Wednesday, April 25, 2007

Top Hedge Fund Managers Salaries Ballooned in '06

Top Hedge Fund Managers Salaries Ballooned in '06
By REUTERS, April 24, 2007

The high-rolling life of the world's top hedge fund managers just keeps getting better.

The latest survey on hedge fund salaries shows that, for the first time, founding executives at three major hedge funds took home well over $1 billion last year. And the average pay for the top 25 hedge fund managers rose a staggering 57 percent to $570 million in 2006 from 2005, according to industry publication Alpha Magazine.

The magazine, which based its pay scale findings on fund performance, fees and ownership structure, said fund managers benefited from rising global equity markets, adroit investment strategies and fees paid from investors to manage their money.

The Alpha survey also showed that experience pays - among the top-10 earners are veteran traders including George Soros of Soros Fund Management, Bruce Kovner of Caxton Associates, Paul Tudor Jones II of Tudor Investment Corp. and Carl Icahn, the 1980s corporate raider-turned-hedge fund operator.

Topping the Alpha list for 2006 for the second consecutive year is James Simons, the 69-year-old founder of Renaissance Technologies Corp., whose pay packet swelled by $200 million to $1.7 billion in 2006 from $1.5 billion in 2005.

Billion dollar baby


Simons, whose Long Island, New York-based fund family generates profits through computer generated trading models designed to track minute changes in global securities markets, holds advanced mathematics degrees and maintains close ties to academia.

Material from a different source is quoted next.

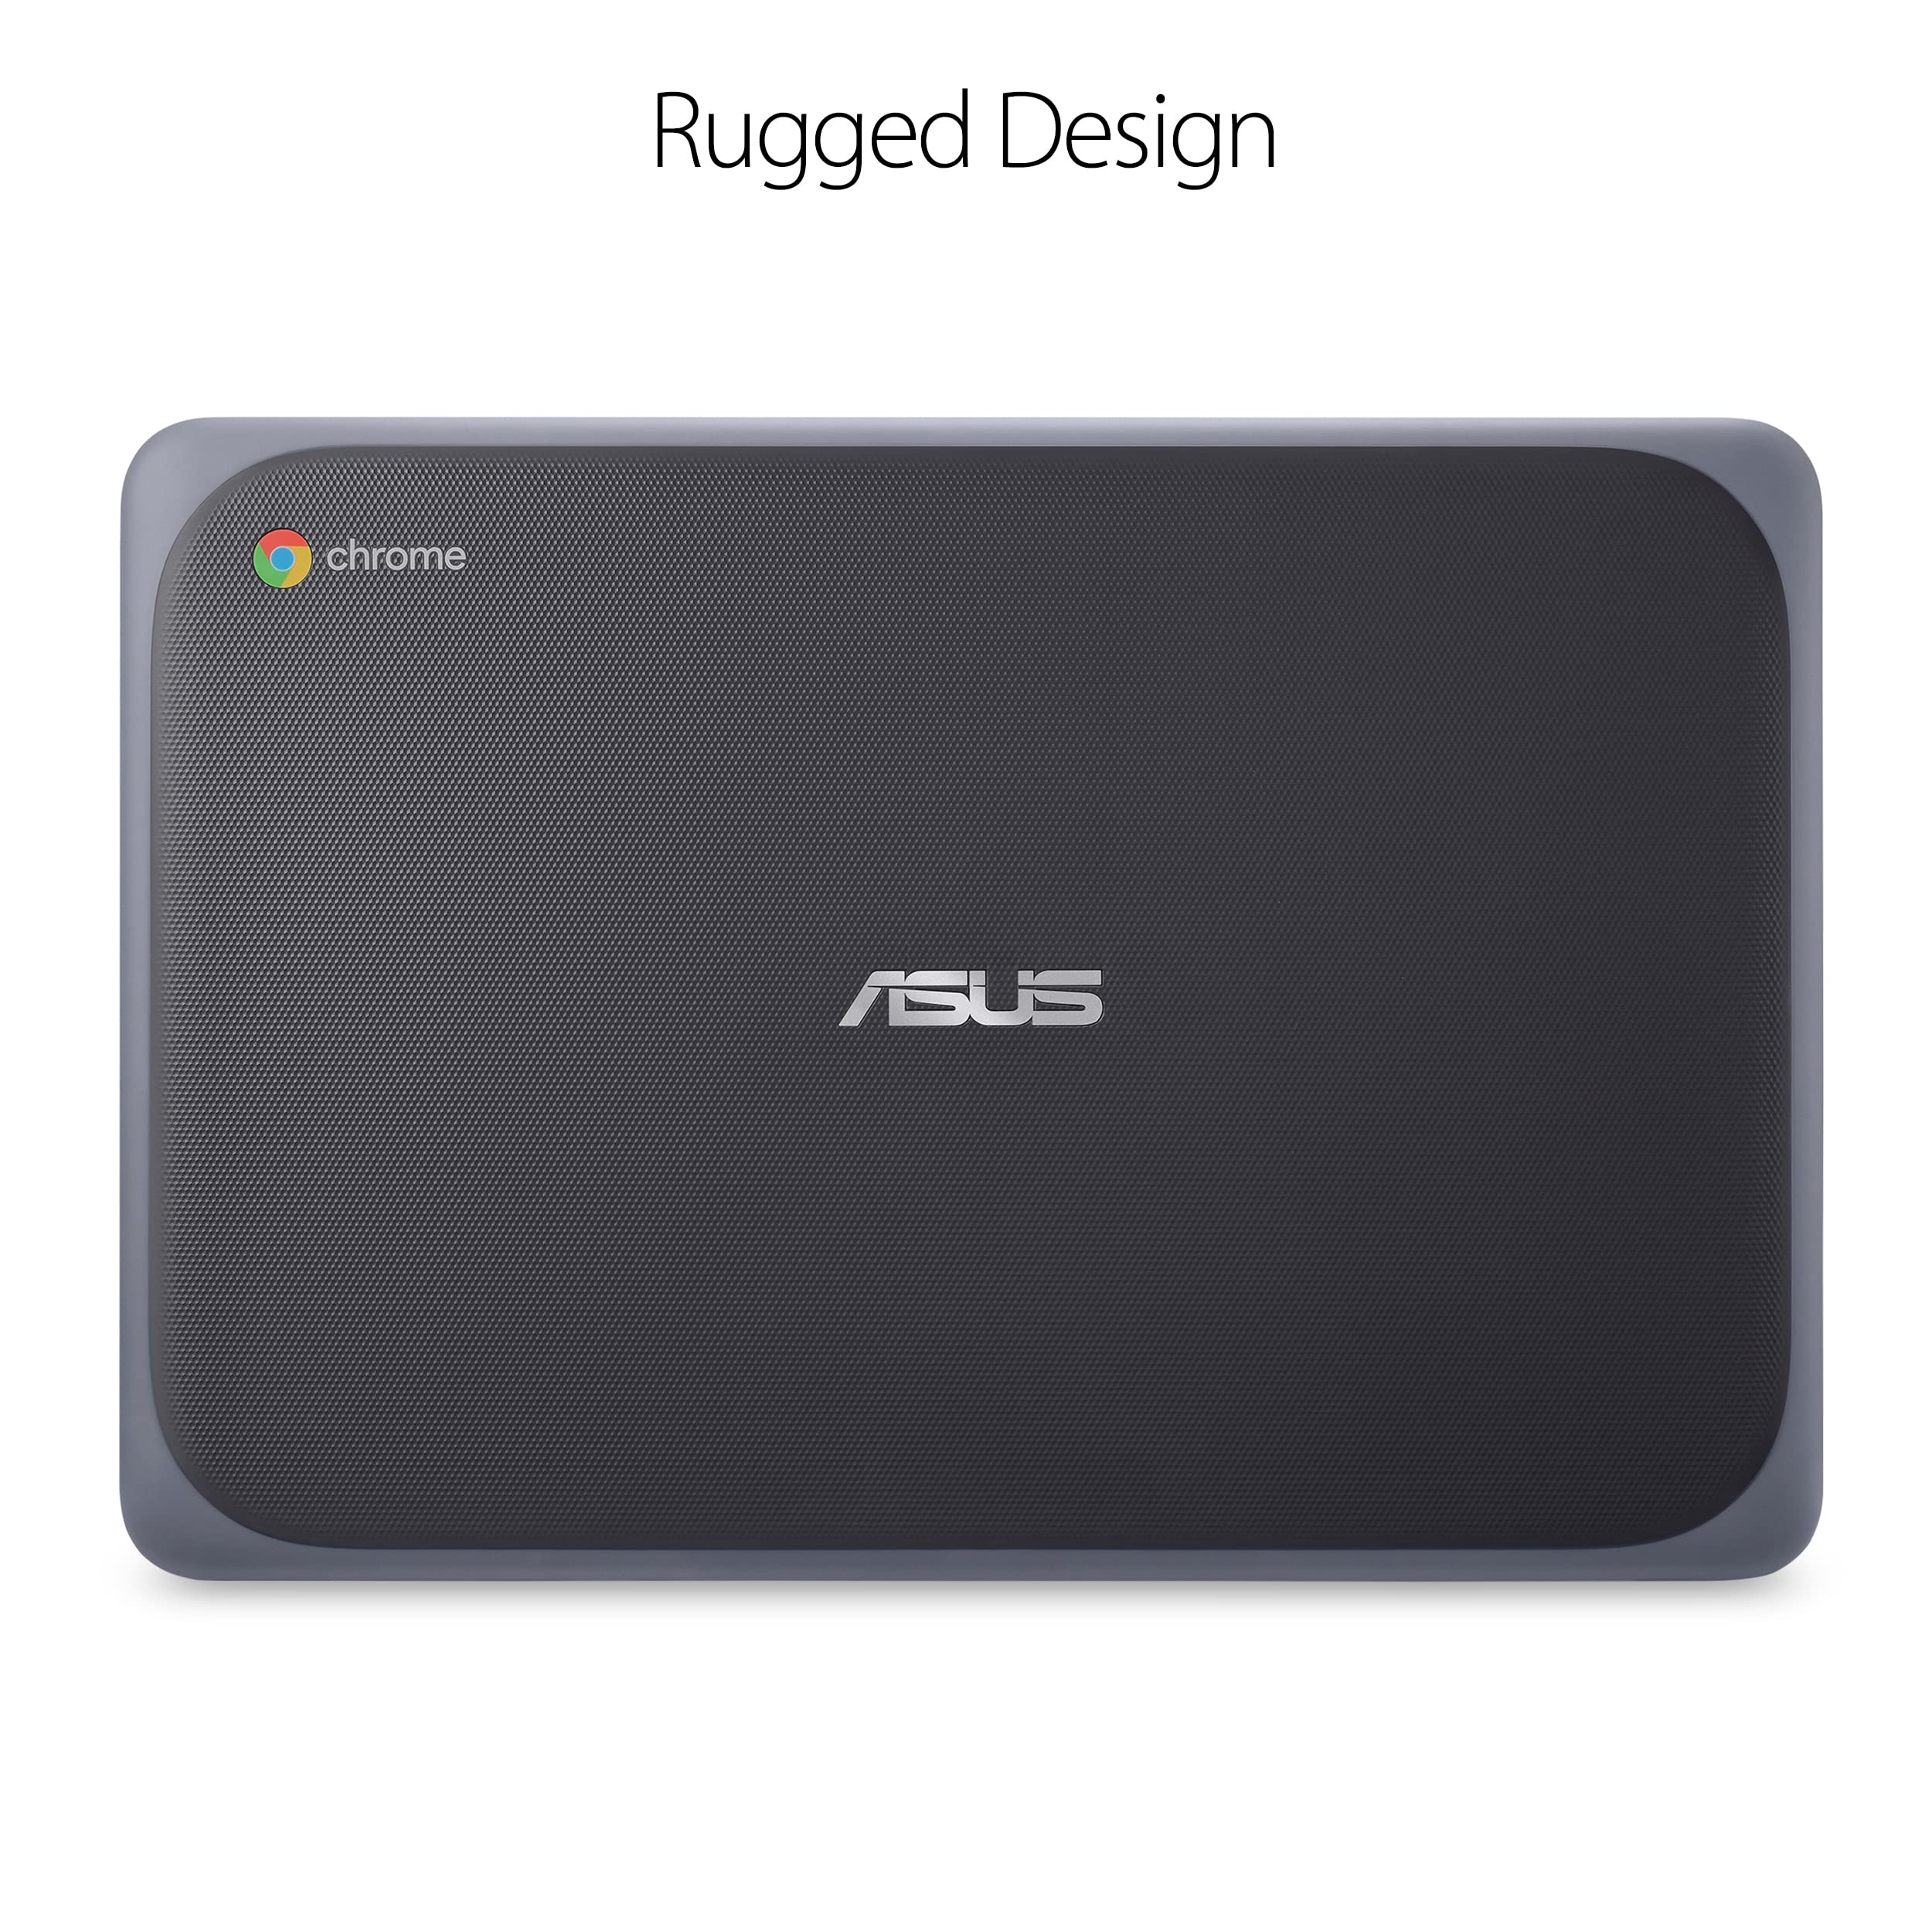 ASUS Chromebook C203XA Rugged & Spill Resistant Laptop, 11.6

The second-highest 2006 earner, according to Alpha, is Ken Griffin, the 38-year-old founder of Chicago-based colossus Citadel Investment Group, a $12 billion fund group that trades in myriad strategies including energy, long-short equity, quantitative strategies and credit.

Griffin took home $1.4 billion in 2006, up from just $240 million in 2004, fueled by gains to its Kensington fund, which posted average annual returns of 20.7 percent over eight years and its Wellington fund, which gained an average of 23.6 percent in the same period.

Citadel also gained through its two-year-old electronic trading platform, which trades an average of 150 million shares daily, Alpha said.

Ranked third is Edward Lampert, head of ESL Investments, who is chairman of Sears Holdings Corp. (SHLD.O) and holds a 42.5 percent stake in the mega-retailer that he helped form by merging Sears into bankrupt Kmart Holdings in 2005.

The stock continues to scale upwards, rising 43.6 percent in the 12 months of 2006 and now trades at $189 a share, fueling gains for ESL as its biggest holding.

The following is the complete top-10 list of hedge fund earners in 2006:

1. James Simons, Renaissance Technologies, $1.7 billion
2. Ken Griffin, Citadel Investment, $1.4 billion
3. Edward Lampert, ESL Investment, $1.3 billion
4. George Soros, Soros Fund Management, $950 million
5. Steven Cohen, SAC Capital, $900 million
6. Bruce Kovner, Caxton Associates, $715 million
7. Paul Tudor Jones, Tudor Investment, $690 million
8. Tim Barakett, Atticus Capital, $675 million
9. David Tepper, Appaloosa Management, $670 million
10. Carl Icahn, Icahn Partners, $600 million.